Only the lines below from the one containing "CATEGORY BANNER FOR" through the one containing "Portrait of a" belong in the answer, set down exactly, with the pictures left out.

DATASET CONTENT -
——————
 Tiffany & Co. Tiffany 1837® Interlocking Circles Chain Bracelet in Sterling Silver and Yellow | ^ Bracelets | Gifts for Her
——————
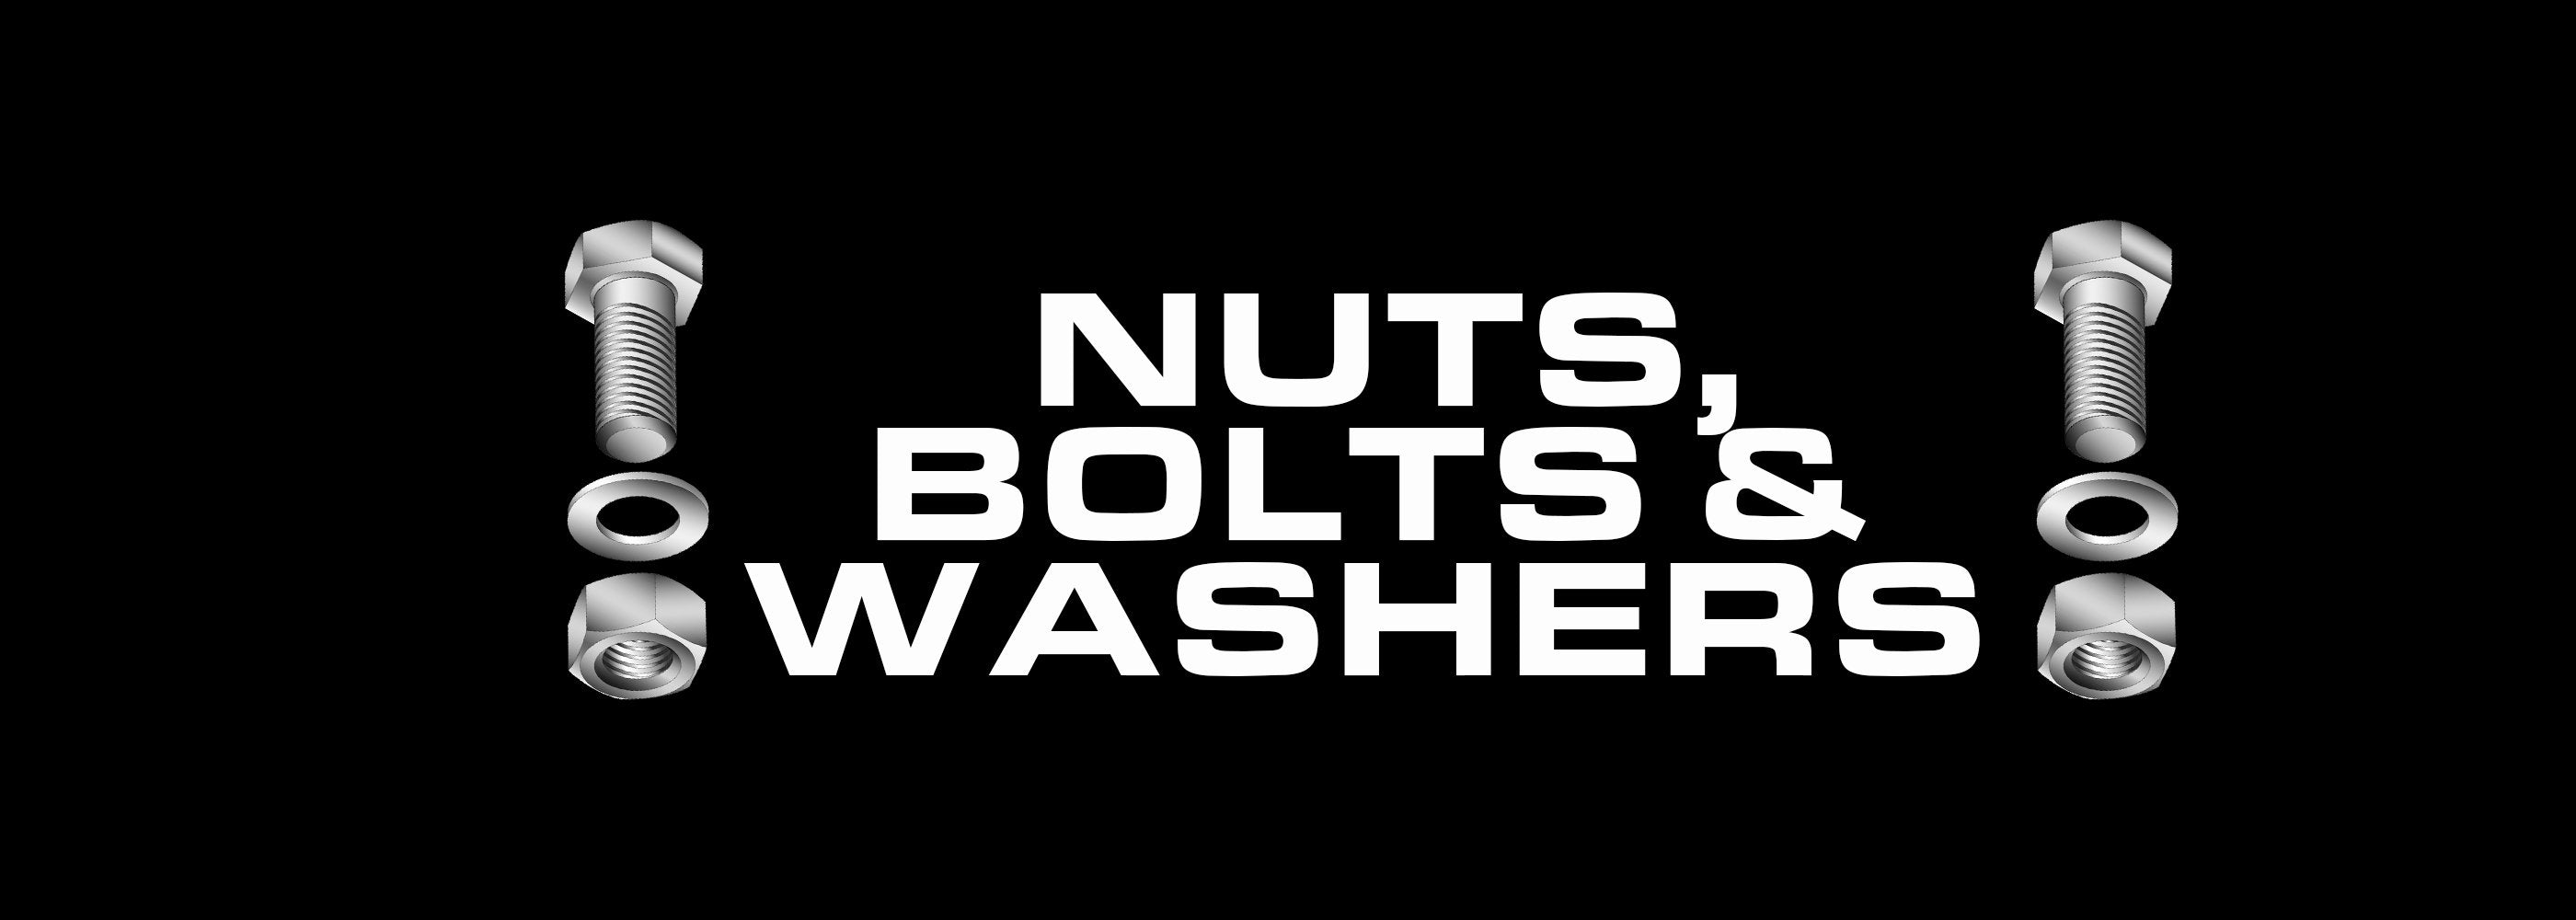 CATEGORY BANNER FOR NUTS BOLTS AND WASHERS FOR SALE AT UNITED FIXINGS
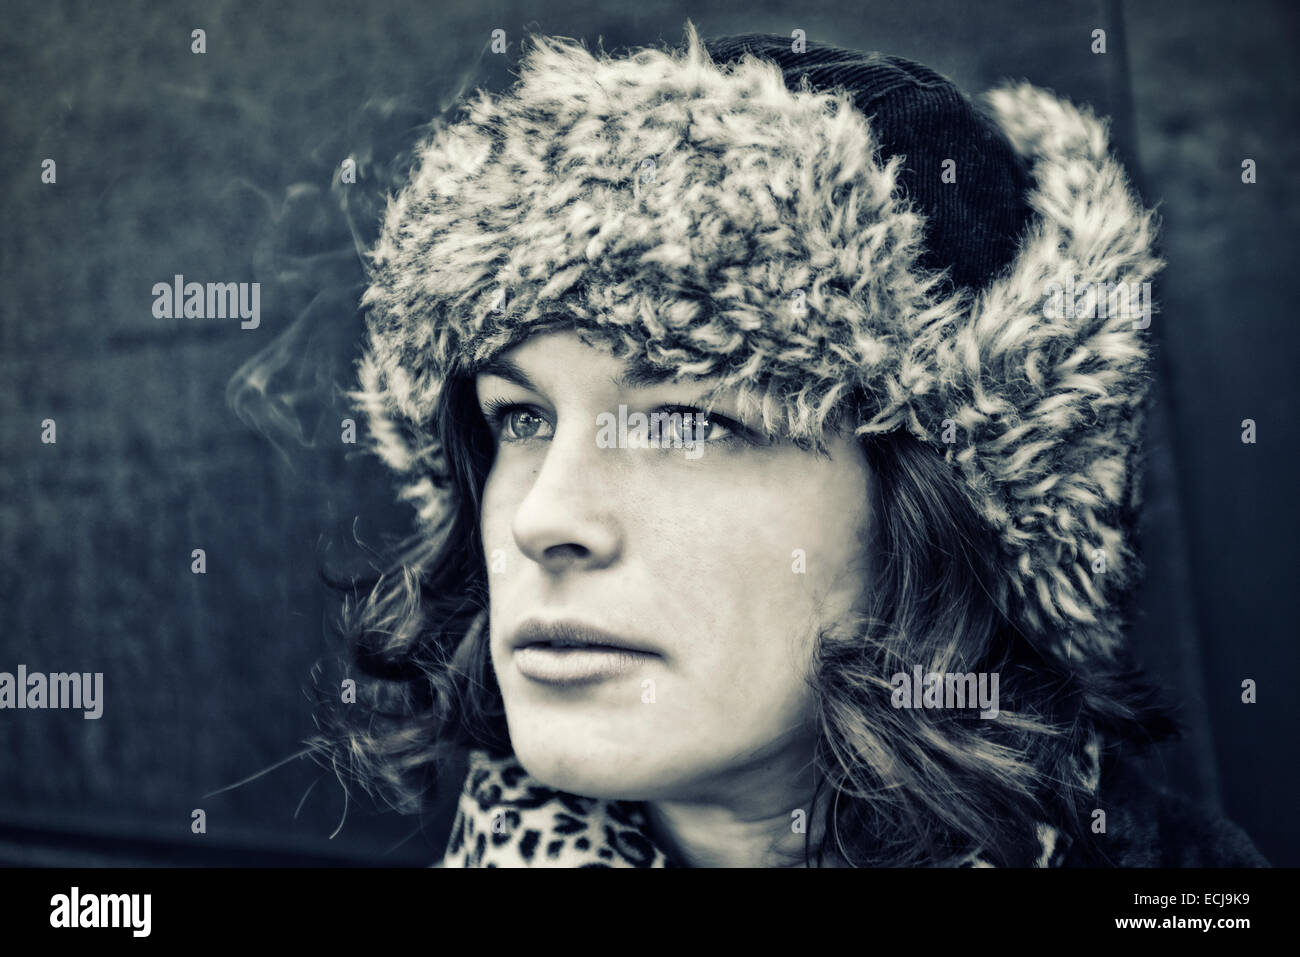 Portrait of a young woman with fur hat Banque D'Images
——————
TASK ANSWER -
 CATEGORY BANNER FOR NUTS BOLTS AND WASHERS FOR SALE AT UNITED FIXINGS
 Portrait of a young woman with fur hat Banque D'Images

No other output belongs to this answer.